Bug bounty programs typically have stringent rules, disqualify many valid reports, and take a long time to pay out. Not surprising to me that they'd cash out in this manner - especially if they got access via a token which expires: they wouldn't have much time to plot on how to monetize the access.
I suspect this was a small operation - a national intelligence organization could have caused orders of magnitude more havoc with this sort of access. Smaller groups don't have the infrastructure to capitalize on such chaos.
When they pay out. Some will even fix the bug, and just tell you "thanks, but it wasn't a security bug"
I reported that you could use this to basically block out the serp and they said it wasn't a bug then fixed it.. I was hoping for a t shirt at least..
Now I wished I would've abused it and blogged about it for the resume.
The point is that bounty value of critical ATO kind of vulnerabilities tend to be okay-ish, but relatively low compared to what black hats could get.
Personally, I think this was an opportunistic actor, not a persistent one with a strategic goal.
It doesn't need much fantasy to cause more havoc.
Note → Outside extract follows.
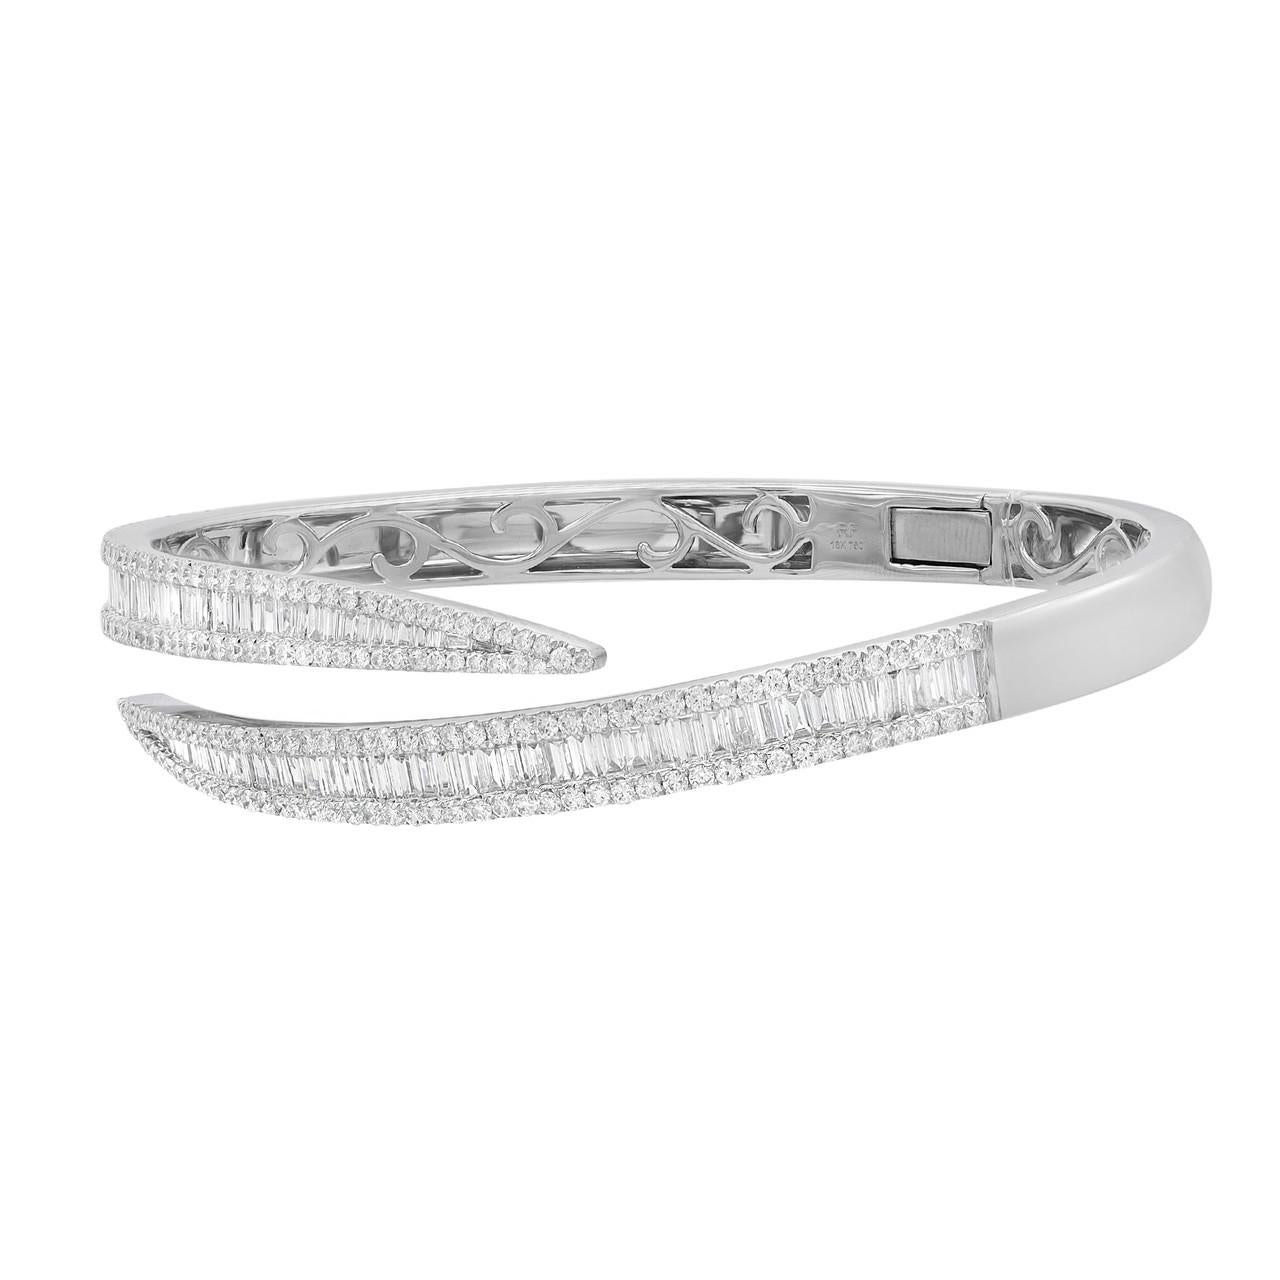 Voici l'étonnant et moderne bracelet Brilliante Fashion Bangle, véritable témoignage de la beauté des diamants. Ce bracelet exquis présente une rangée centrale de diamants taille baguette sertis verticalement, entourés de rangées de diamants taille

It was speculated in another thread, but maybe the hackers held back since the manhunt is going to be far less for a 'harmless' Bitcoin scam rather than i.e. crashing $TSLA or declaring a war.
Also for example, if they’re a US student, they could lose access to benefits and loans as a result of reporting the income.
Not everyone believes that the existence of Twitter, in its current state as an amplification medium for the ever increasing polarisation in this world, is actually a force of good.
Helping them out with a security report might be the last thing on their mind.
Companies will routinely downgrade the severity of your exploit so they can pay you less.
(If Hackerone wants to fix that: enable easy, on-platform disclosure unconditionally after 30 days. Right now, the platform is just used to pressure people into delaying disclosure or not disclosing at all.)
Are Twitter protecting "even higher" profile accounts? Why do they put more effort into protecting these "even higher" profile accounts? And how do they protect these accounts? And if that really is the case, and this product feature is outed during this election campaign year, then Twitter deserve a court summons.
I seriously doubt Trump's account would, or should have that much more protection than other high profile, verified accounts.